Admittedly, rallies happen only a few times a year, but the problem is that their timing can be awful. Have you ever had an upcoming test right after tutorial or an urgent matter to discuss with a teacher only to find out that there was an upcoming rally looming in the shadows, waiting to poach your entire tutorial period? Unfortunately, we have — more than a few times.
On rally days, many students walk to their usual spots for tutorial hoping to meet with their friends and do homework, only to find their favorite classrooms locked and their beloved teachers nowhere to be found. While the school doesn’t have an explicit policy mandating rally attendance, teachers practically push us out of their rooms and into the large gym during rally days.

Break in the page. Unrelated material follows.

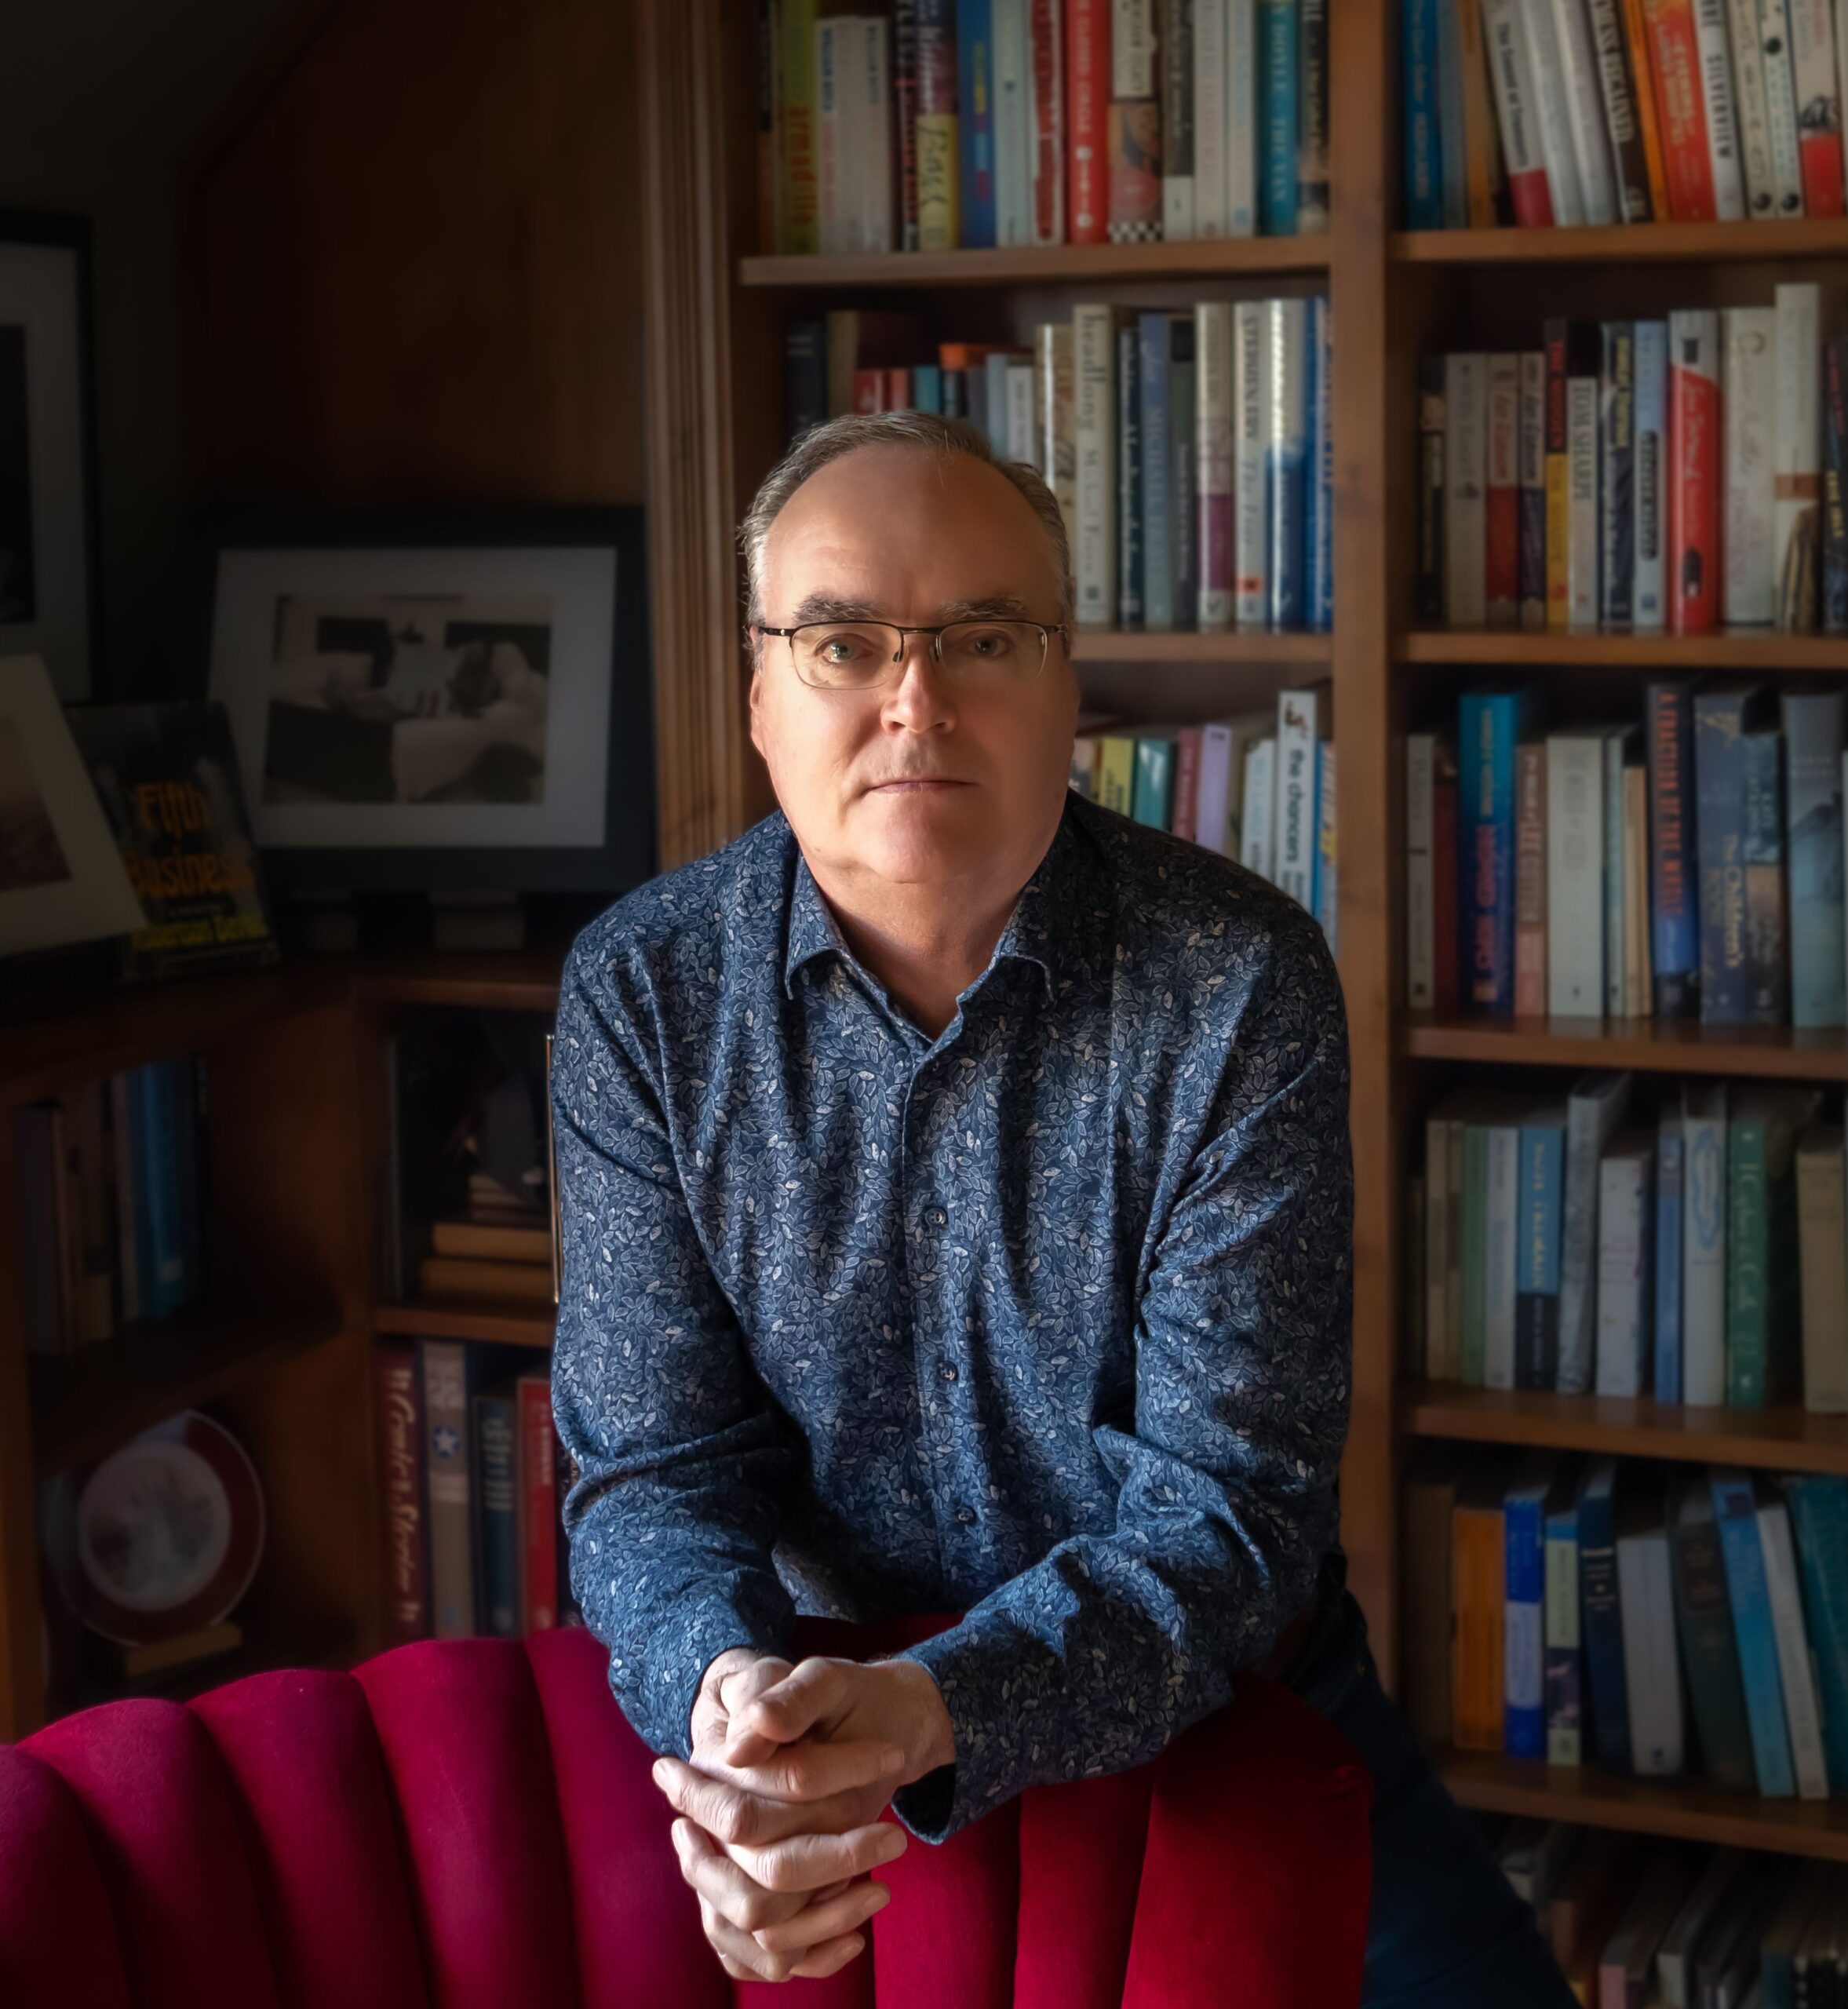 Portrait of Terry Fallis in library
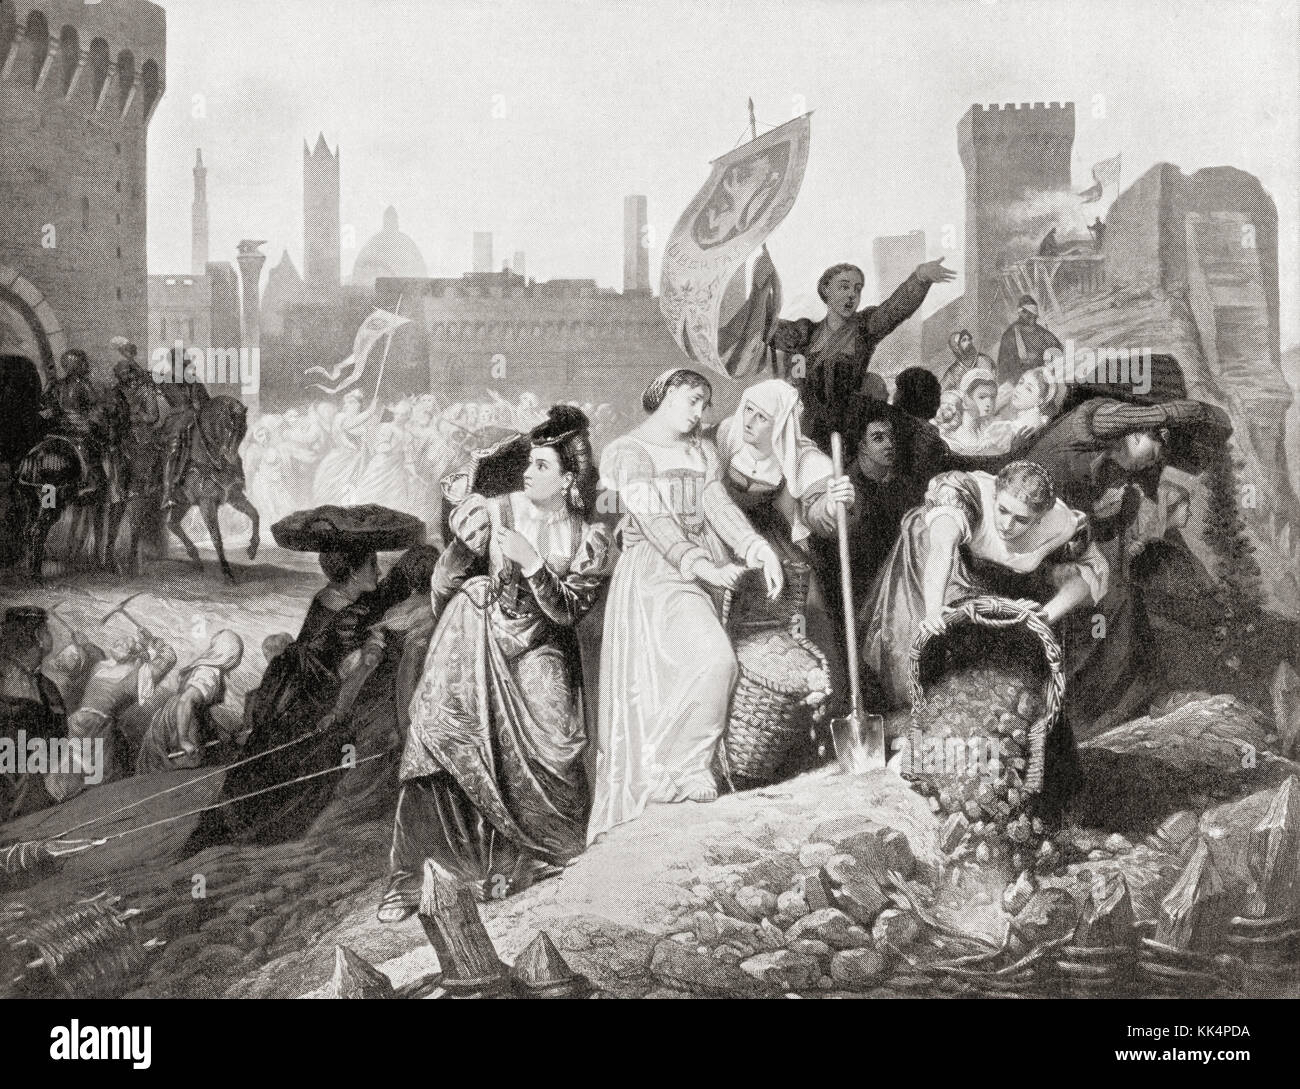 The women of Siena, Italy aid in defending their city against Cosimo I de' Medici and the Spanish troops of Charles V, 1555.  From Hutchinson's History of the Nations, published 1915. Stock Photo

Tutorials are incredibly useful and should not be pushed aside by rallies. They are supposed to be a time for students to catch up on homework and seek help from teachers; the school makes this very clear during the beginning of the year, as they waste tutorial time emphasizing the importance of tutorial.
We as students are not supposed to engage in frivolous activities during this short work period in order for the school to meet the state-mandated instructional minutes requirement. So where do frivolous activities like rallies fit in?
Rallies are full of “fun” games and activities that students and staff compete in, while their peers and colleagues watch and cheer them on — does this count as being any more academically or socially emotionally relevant than studying and hanging out with friends? Rallies are intended to improve school spirit, but when was the last time a rally actually achieved this goal? It seems that after every single rally, many people come out of the gym shaking their heads in regret and muttering complaints to their friends about the precious time they lost.
Although it may be entertaining to see your friends miserably fail in various rally games like the hamster-ball jousting last year, this short-lived satisfaction doesn’t yield any of the long-lasting positive results that productive tutorial sessions do. Besides, rallies have the same effect on your ears as if you sat next to a running lawn mower for an hour straight, which probably isn’t the best.
Of course, rallies can be a fun place to take a break for those who want to relax, but practically forcing us to go to them simply does not make sense. On these rally days, the school should at least open some classrooms for students to preserve their personal space bubbles and their eardrums.